F: And Travis Shaw, a winter arrival from Boston, putting up the most consistent numbers among Milwaukee’s many home-run hitters. 

A: What a steal, getting Shaw and three prospects for Tyler Thornburg, who’s got big-time shoulder trouble now. 

F: That and other moves have David Stearns looking like a bona fide “boy genius” general manager. He said goodbye to a 41-homer guy, Chris Carter, and signed the more versatile Eric Thames from the Korean league. And Thames carried the team in April, although he’s cooled off.

A: But Stearns also grabbed Jesus Aguilar from Cleveland off waivers, and he’s come on strong after a slow start. Stearns is getting a national rep for finding solid players. 

F: Like Sogard and another refugee from Oakland, catcher Stephen Vogt, whose two homers Friday night provided the 3-2 margin over Miami. 

A: Imagine that, all the Crew’s runs scoring via the long ball.

F: You jest, of course. Major League Baseball has become a big-swing, all-or-nothing game, and nobody does the extremes of whaling and whiffing better than the Brewers.

A: An all-time strikeout record last year, and they’re on pace to break it. But also plenty of big blasts. 

F: The team’s offensive statistics—pitching too, for that matter—generally match last year’s in terms of the rankings in the NL. They’re batting a few points higher and on-base percentage is almost identical, though the slugging percentage is up about 40 points.

A: They’ll keep striking out a ton and hitting tons of homers. MLB is en route to records in both departments. 

F: Alas, this slugging game is also a slogging game.
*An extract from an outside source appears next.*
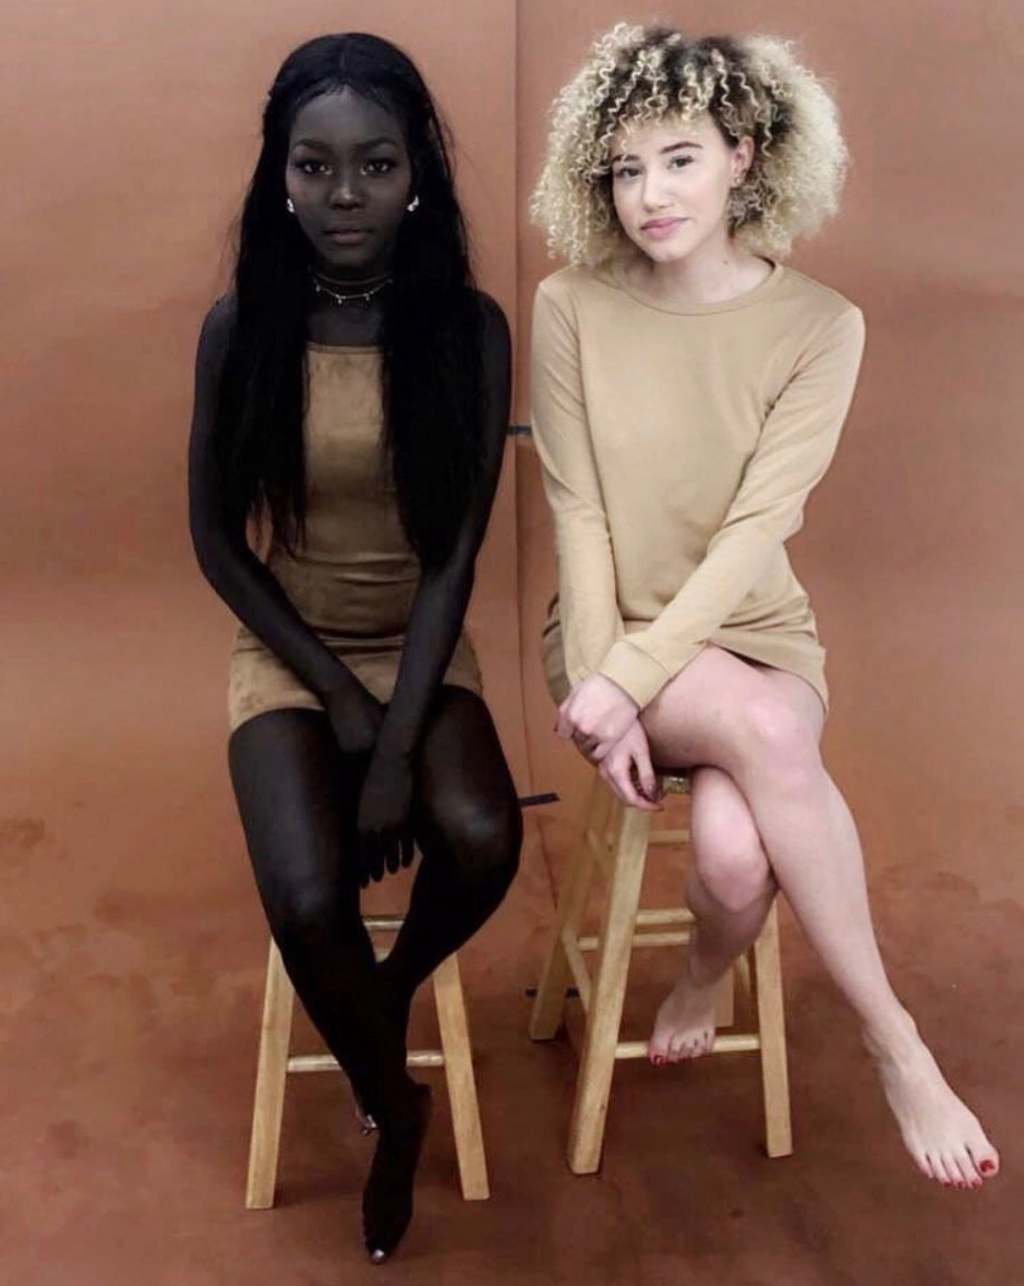 Piel - Son los Sursudaneses las personas con la piel más oscura del mundo? Nyakim13

As Tom Verducci reported in Sports Illustrated, things have slowed so much that there’s almost two hours of “dead minutes” per game—just between pitches. Bring on the pitch clock!

A: But if we can stay awake, the Crew is giving us some thrills. And they seem to be ahead of the rebuilding pace the Astros and Cubs followed, which included 100-loss seasons. 

F: Now the key question is whether the Brewers can sustain this climb. A lot rides on the 11 games left with the Cubs, starting with the Thursday, July 6, makeup of May’s “rainless rainout.” That precedes a weekend at Yankee Stadium, where I’ll be Saturday.

A: Rooting for the wrong team.

F: Um...maybe. 

A: You might see double-digit dingers the way both clubs are slugging. After the break the Crew has a real opportunity, ain’a? 

F: Ten games against Philly, Pittsburgh and Philly again. Might build a nice cushion going into their first games with Washington; then three with the Cubs.

A: There are always new challenges, though. Now Anderson is out for several weeks with an “oblique” muscle strain. And if Shaw went down for a while, or Sogard, or Nelson, it could really hurt. 

F: But if Braun stays healthy they’ll have even more firepower.

A: One good sign is that the team hasn’t been swept in any series over two games.

F: In the first half they had one three-game losing streak and one five-gamer, more than balanced by three “W-3s” and three “W-4s.” So they’re less mercurial than you’d expect for a team with lots of youngsters, lots of new faces...

A: And lots of unexpected adjustments. 

F: The high point has been seven games over .500 in May (25-18). Since then, they’ve been bobbing up and down. 

A: But so have the Cubs—and the Cardinals! It’s been mighty enjoyable. 

F: If it stays that way, we’ll see something else that was unexpected: Discussion about whether to go “all in” on this season even if it means easing back on developing the youngsters who are the future.

A: No one will “blow up” the long-term strategy. But you know the Cubs and Cardinals will make moves if they think it’ll get them to the playoffs.

F: And who knows when the next chance to dance in October will be? 

A: Especially for a franchise that’s danced only four times in almost five decades. 

Frank Clines covered sports for The Milwaukee Journal and the Journal Sentinel. Art Kumbalek knows all about strikeouts.